How does Splunk store indexes?
How to create and delete indexes using the Web UI and CLI
Adding and removing data from indexes
Taking the backup indexes
By the end of this article, you will have a solid grasp of Splunk indexes and how to manage them effectively to optimize your Splunk environment. So, let's get started on this exciting journey of exploring Splunk indexes!
In Splunk, an index is a repository for data that is going to be stored in an indexer. The Splunk instance is configured to index local and remote data, which can then be searched through a search app. Indexes live under the var/lib/splunk
directory by default.
Splunk comes with multiple preconfigured indexes. The "main" index is the first index you should know about, because it is the default index Splunk stores the incoming data. However, you have the flexibility to create and specify other indexes for different data inputs, allowing you to organize your data more effectively. Scroll down if you want to know how to create a custom index. We have covered both Web UI and CLI procedures.
There are a few more indexes comes as preconfigured along with the index "main". Here you see:
_internal
: This index stores the logs resulting from the internal processing of the Splunk instance.
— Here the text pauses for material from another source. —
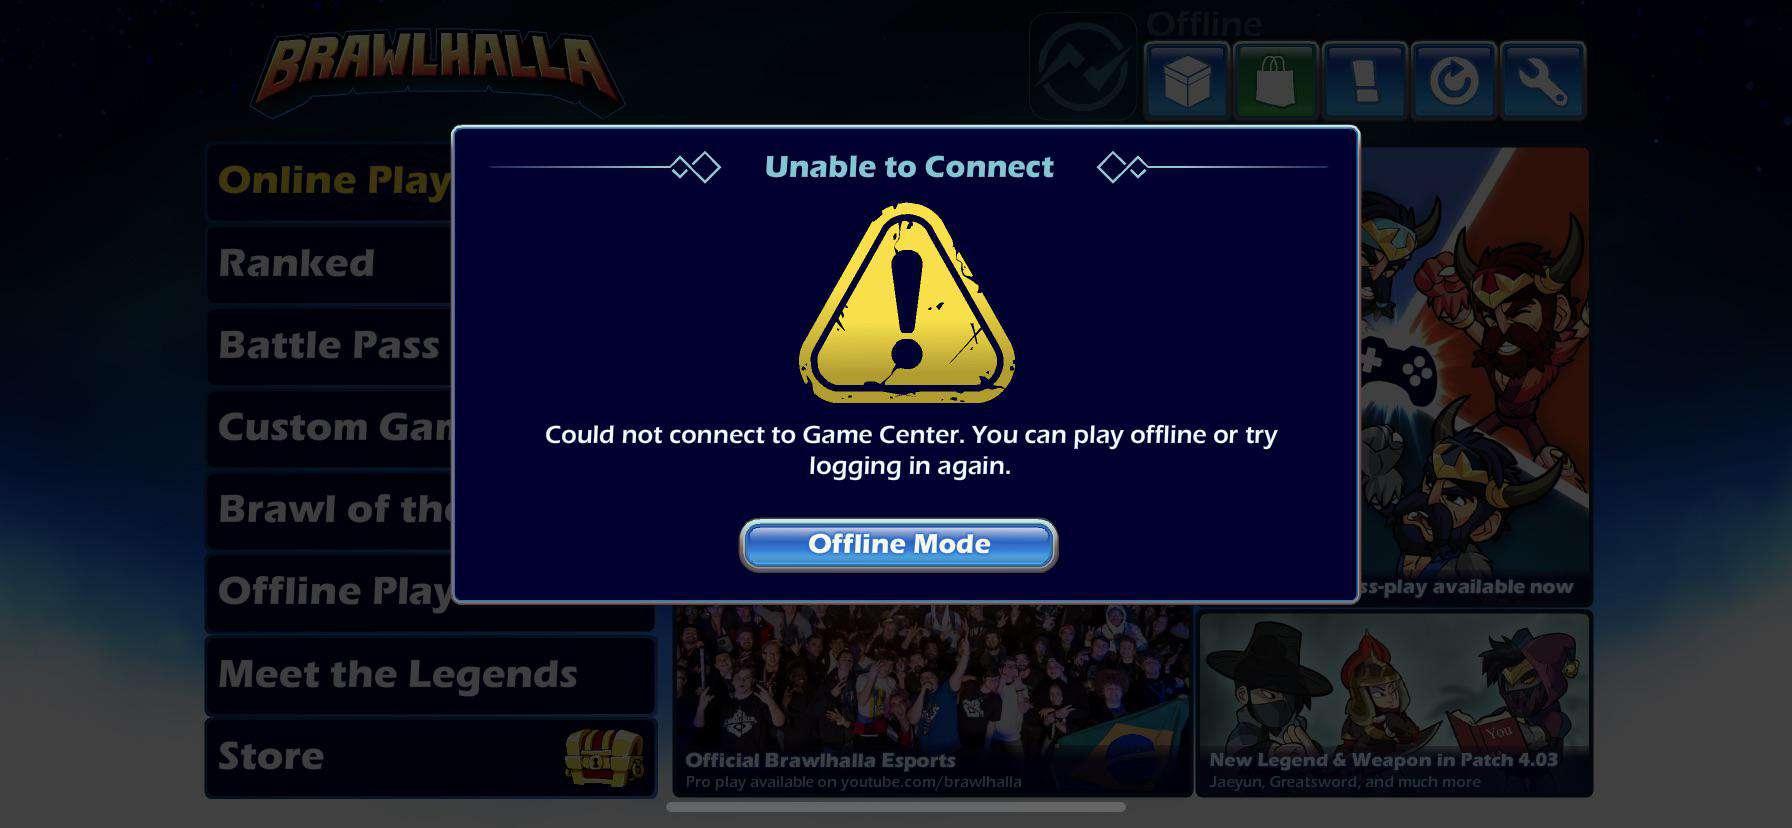 Brawlhalla: come risolvere errore GameCenter su iPhone (IOS)

For example, Splunk daemon logs are stored under _internal
.
_audit
: This index stores the audit trail logs and any other optional auditing information.
_introspection
: This index is used for system performance tracking, such as Splunk resource usage and data parsing performance. It contains information related to CPU and memory usage.
_thefishbucket
: This index contains checkpoint information for all the files that are going to be monitored for data input. This is relevant for both forwarders and indexers.
main
: The main
index is the default index for data input and is located under the defaultdb
directory.
You might wonder why we would want to create many indexes instead of storing all data in a single index. The answer lies in the following advantages:
Fast search retrieval: By segregating data types into different indexes, you can avoid putting an extra load on the Splunk instance to search through all the data when you only need to search for a specific data type, such as firewall logs.
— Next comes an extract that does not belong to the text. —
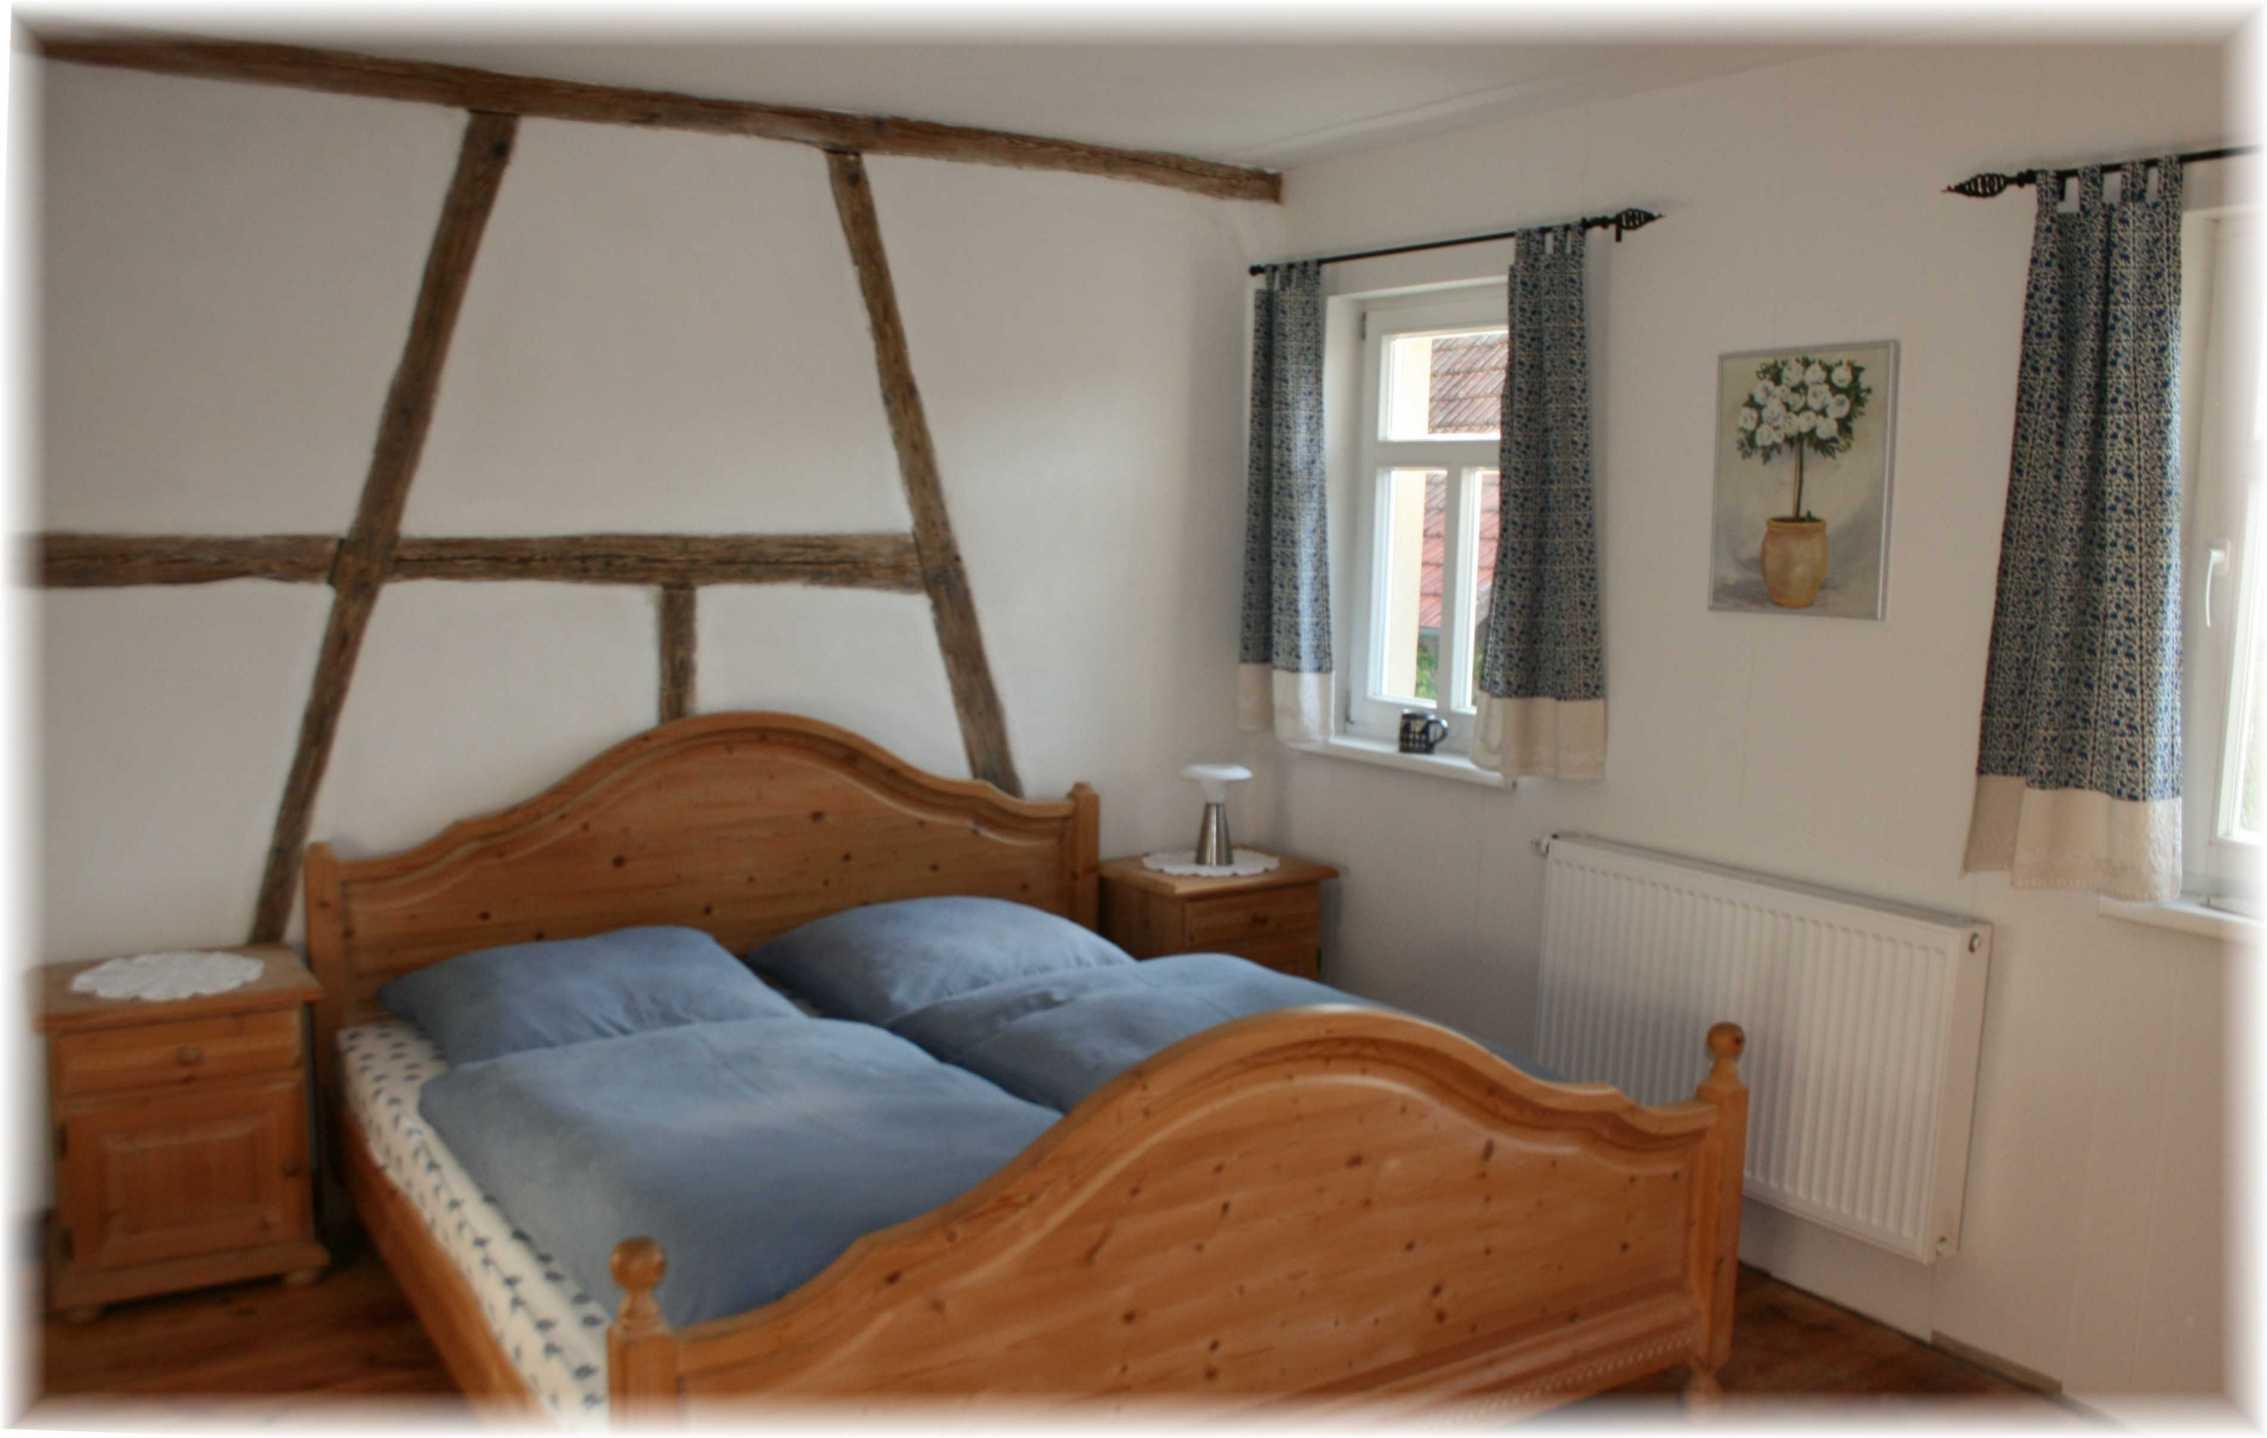 ferienhaus f r bis zu 36 personen mit proberaum raum zum. Black Bedroom Furniture Sets. Home Design Ideas

Retention management: Based on the customer's requirements and data importance, you can set different retention periods for each index. For example, you may want to keep security logs for 12 months, while web logs might only be kept for 3 months.
Access control: You can control who has access to what data by setting permissions at the index level. For instance, you can grant the security group access to the security logs index while restricting access for other departments.
Now that you know what indexes are, let's dive into how Splunk actually stores these indexes. When data is fed into Splunk, the indexer processes it and stores it in a series of directories and files, collectively known as an Indexes.
Under the hood, each index is comprised of a set of directories called "buckets." These buckets are organized by age, with the most recently indexed data stored in the "hot" bucket, slightly older data in the "warm" bucket, and the oldest data in the "cold" bucket. This age-based organization helps Splunk efficiently manage the data lifecycle and optimize performance.
Here's a quick breakdown of the bucket types:
Hot Buckets: When new data arrives, it is first written to hot buckets. These buckets are always open for writing and are optimized for fast data ingestion. Hot buckets have the naming format hot_v1_<GUID>
, where <GUID>
is a unique identifier. Well, hot buckets are stored in the $SPLUNK_HOME/var/lib/splunk/[index_name]/db/
directory.
Warm Buckets: As hot buckets reach certain thresholds (e.g., maximum size, age, or number of buckets), data is rolled over to warm buckets. Warm buckets are read-only and are optimized for searching. The naming format for warm buckets is db_<timestamp>_<GUID>
, where <timestamp>
represents the earliest and latest timestamps of the events within the bucket. Worm buckets also share the same location as hot buckets in the directory hierarchy.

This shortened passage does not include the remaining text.